**Dataset excerpt**
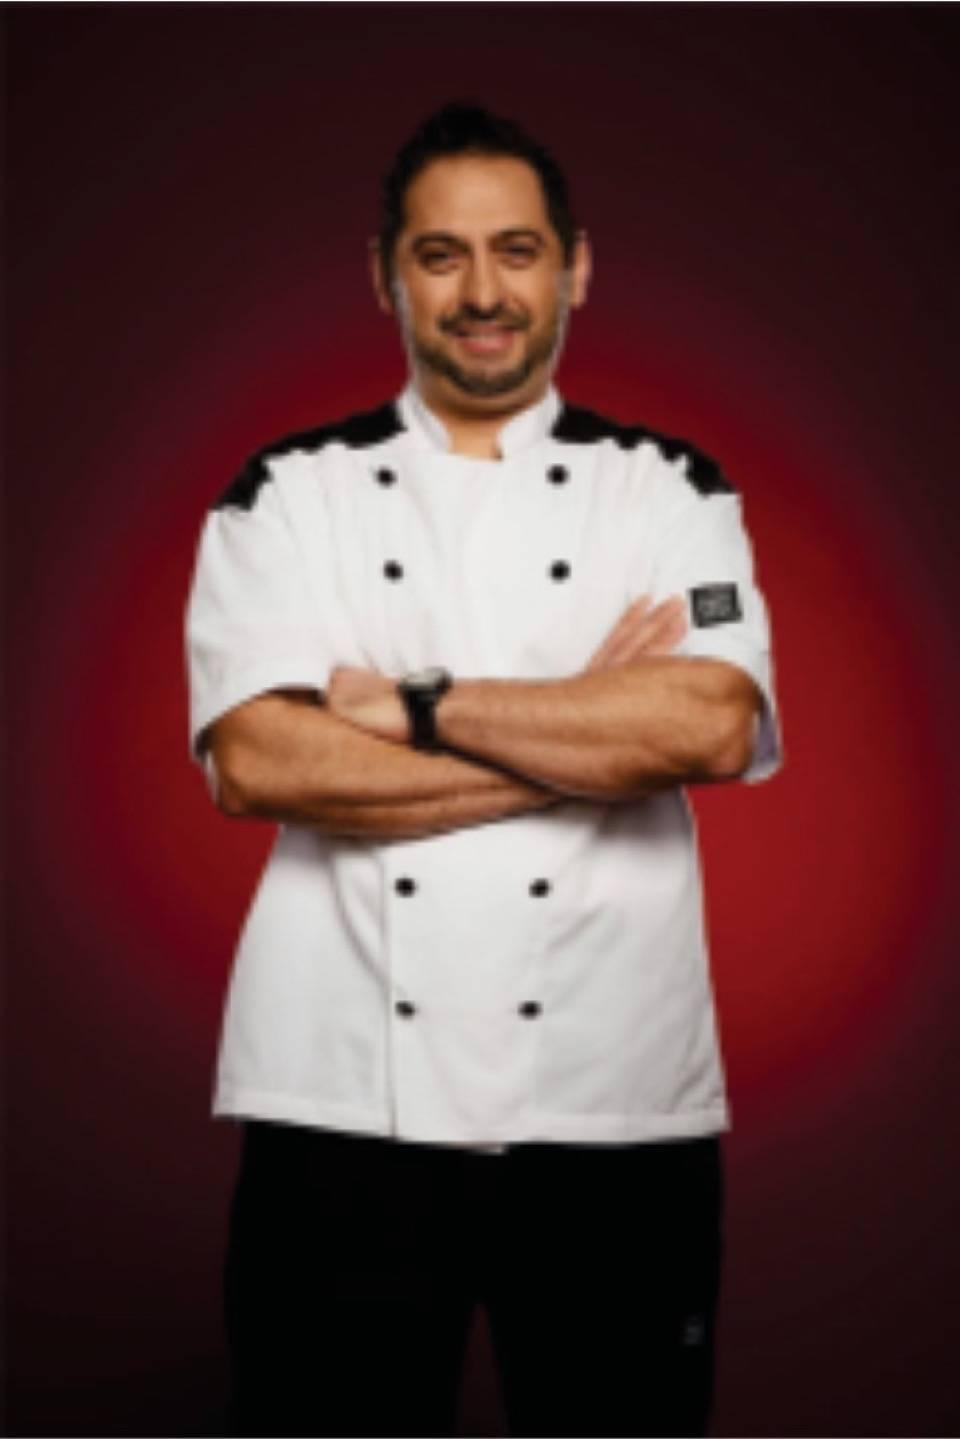 Executive Chef Giovanni Filippone Returns To Season 17 Of
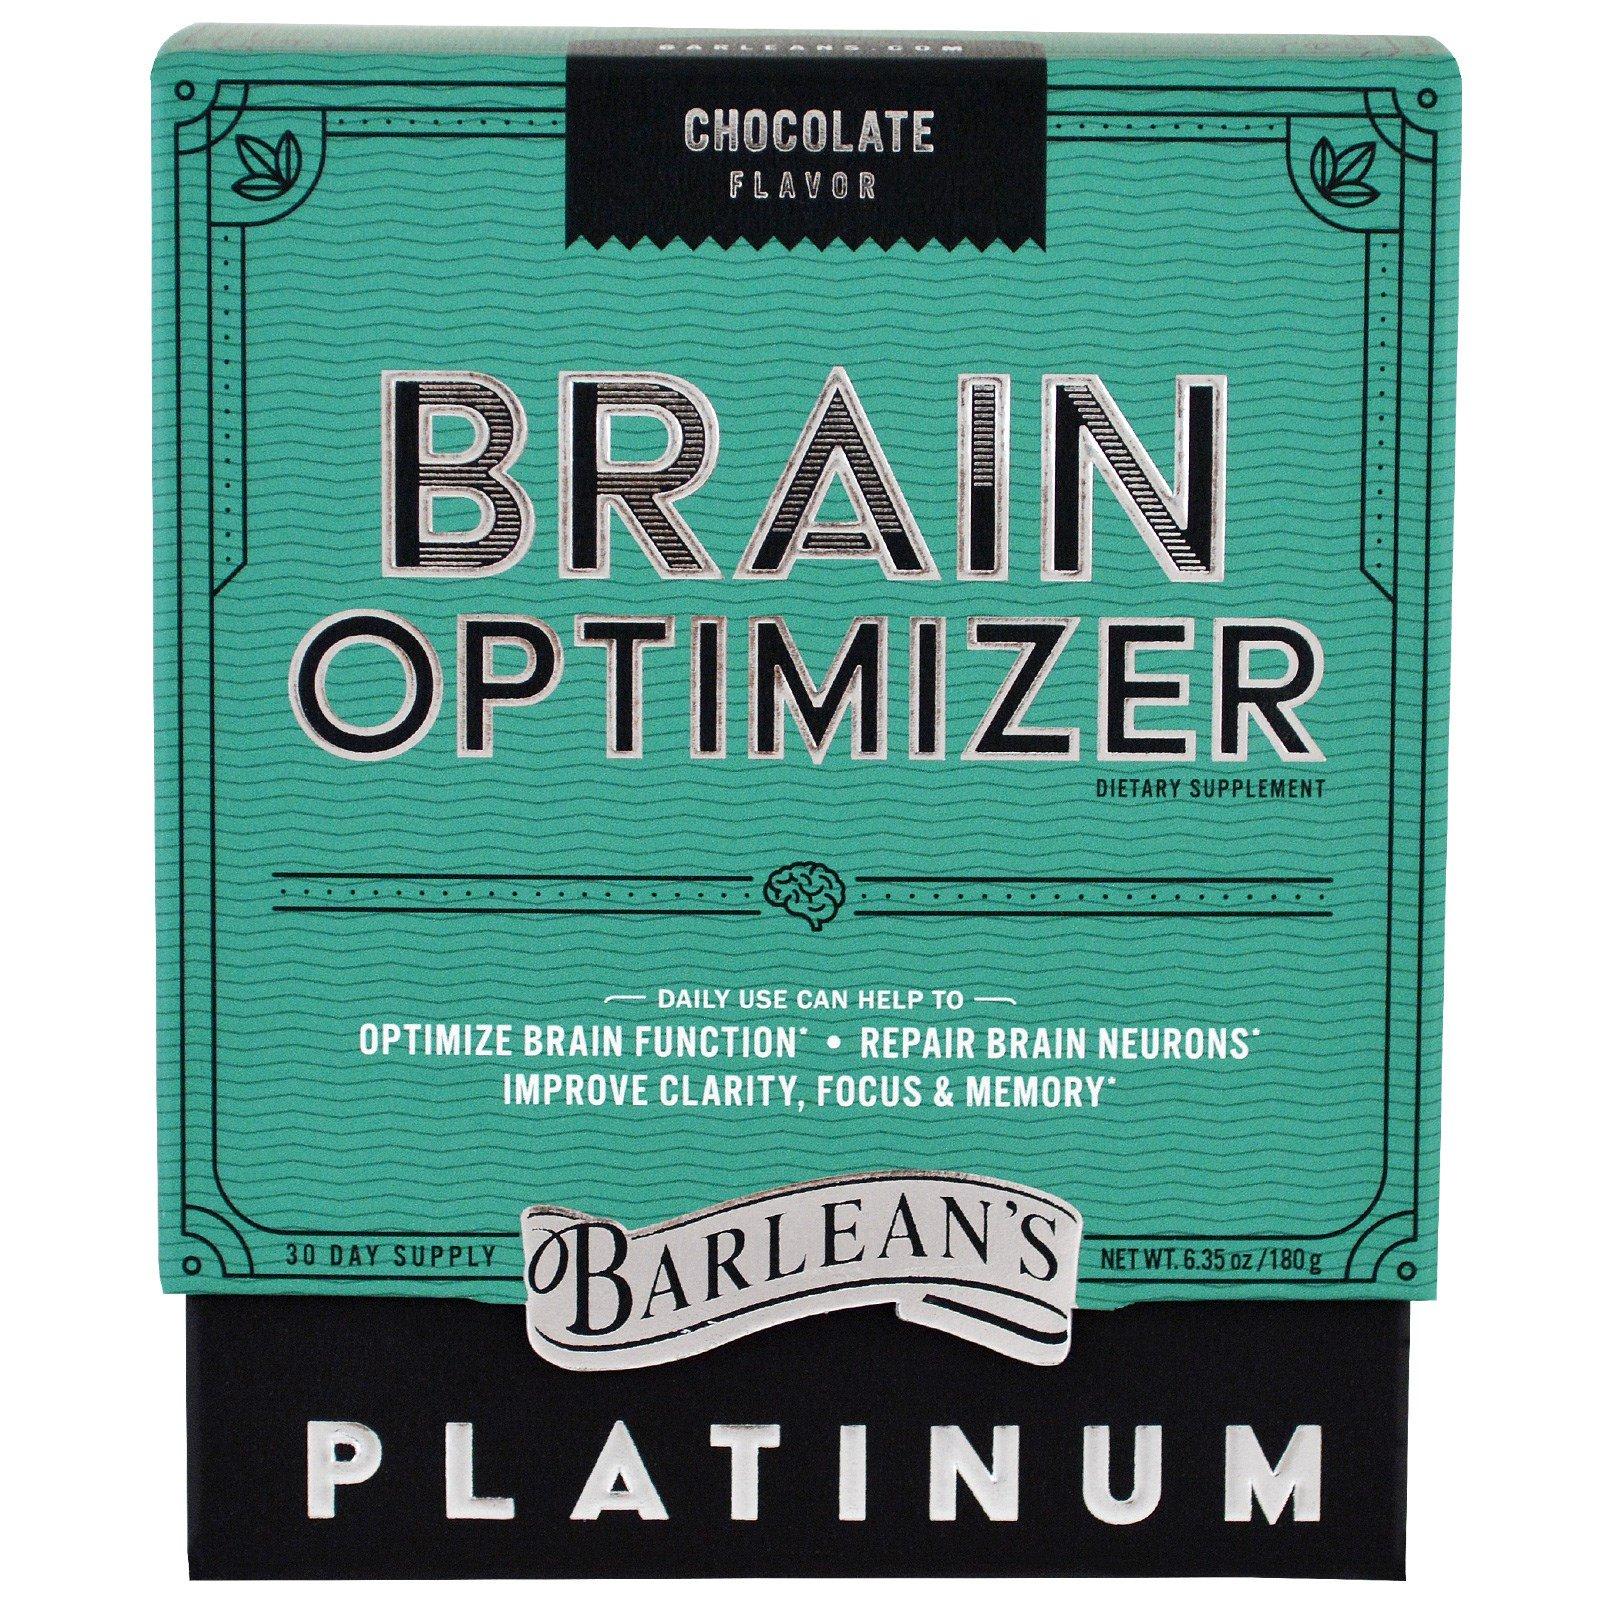 Barlean's, Оптимизатор мозга, шоколадный вкус, 6,35 унц. (180 г)
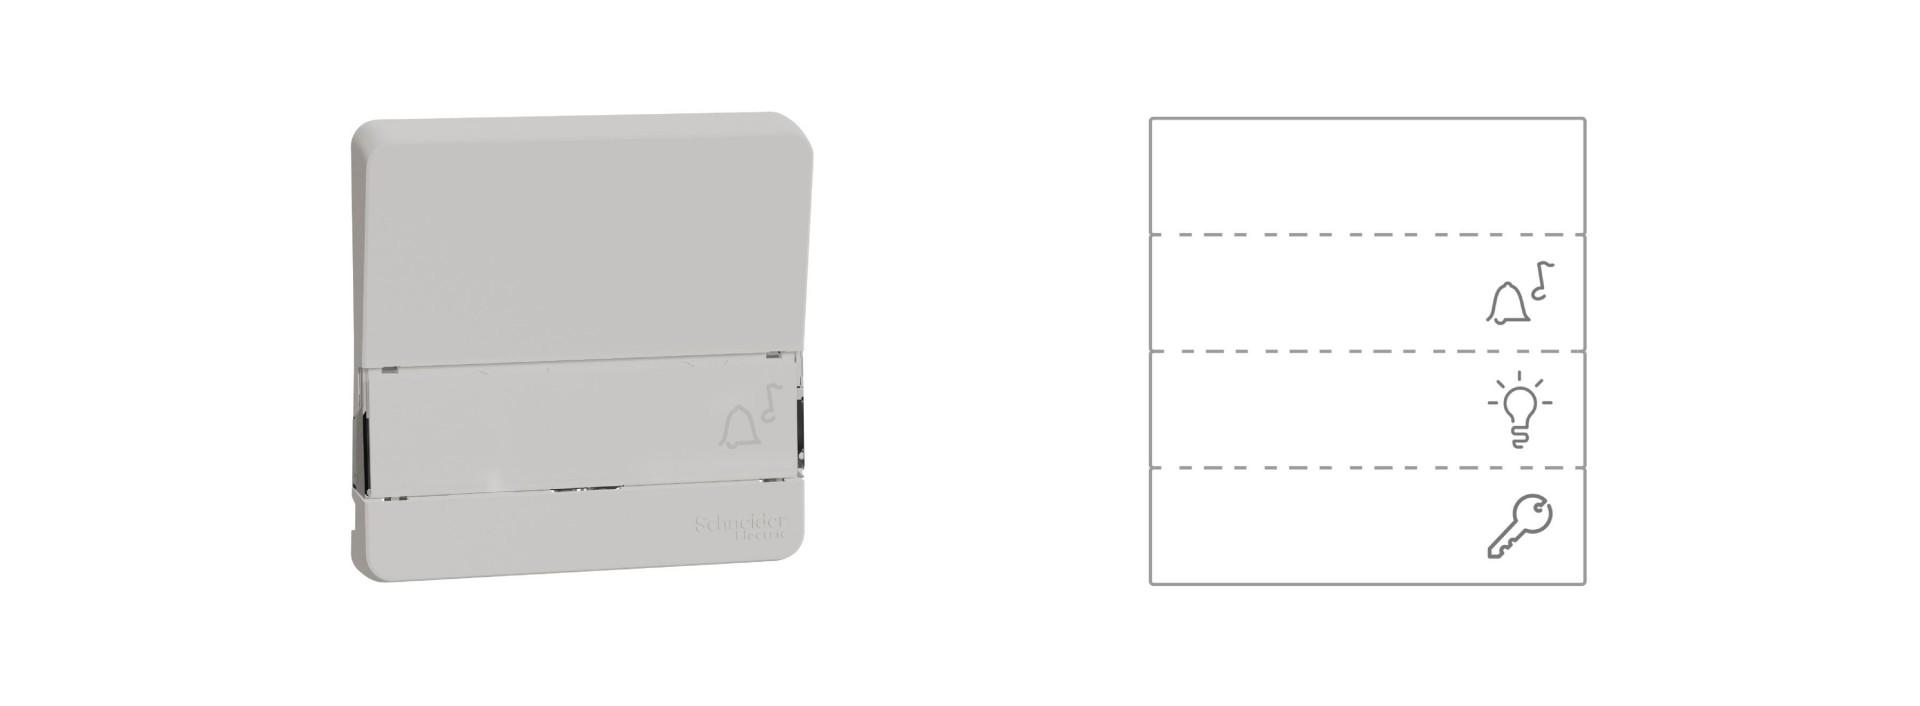 Accessoires Mureva Styl SCHNEIDER - E-PLANETELEC

**Task statement**
Without the pictures, repeat the listing word for word.

**Reply**
 Executive Chef Giovanni Filippone Returns To Season 17 Of
 Barlean's, Оптимизатор мозга, шоколадный вкус, 6,35 унц. (180 г)
 Accessoires Mureva Styl SCHNEIDER - E-PLANETELEC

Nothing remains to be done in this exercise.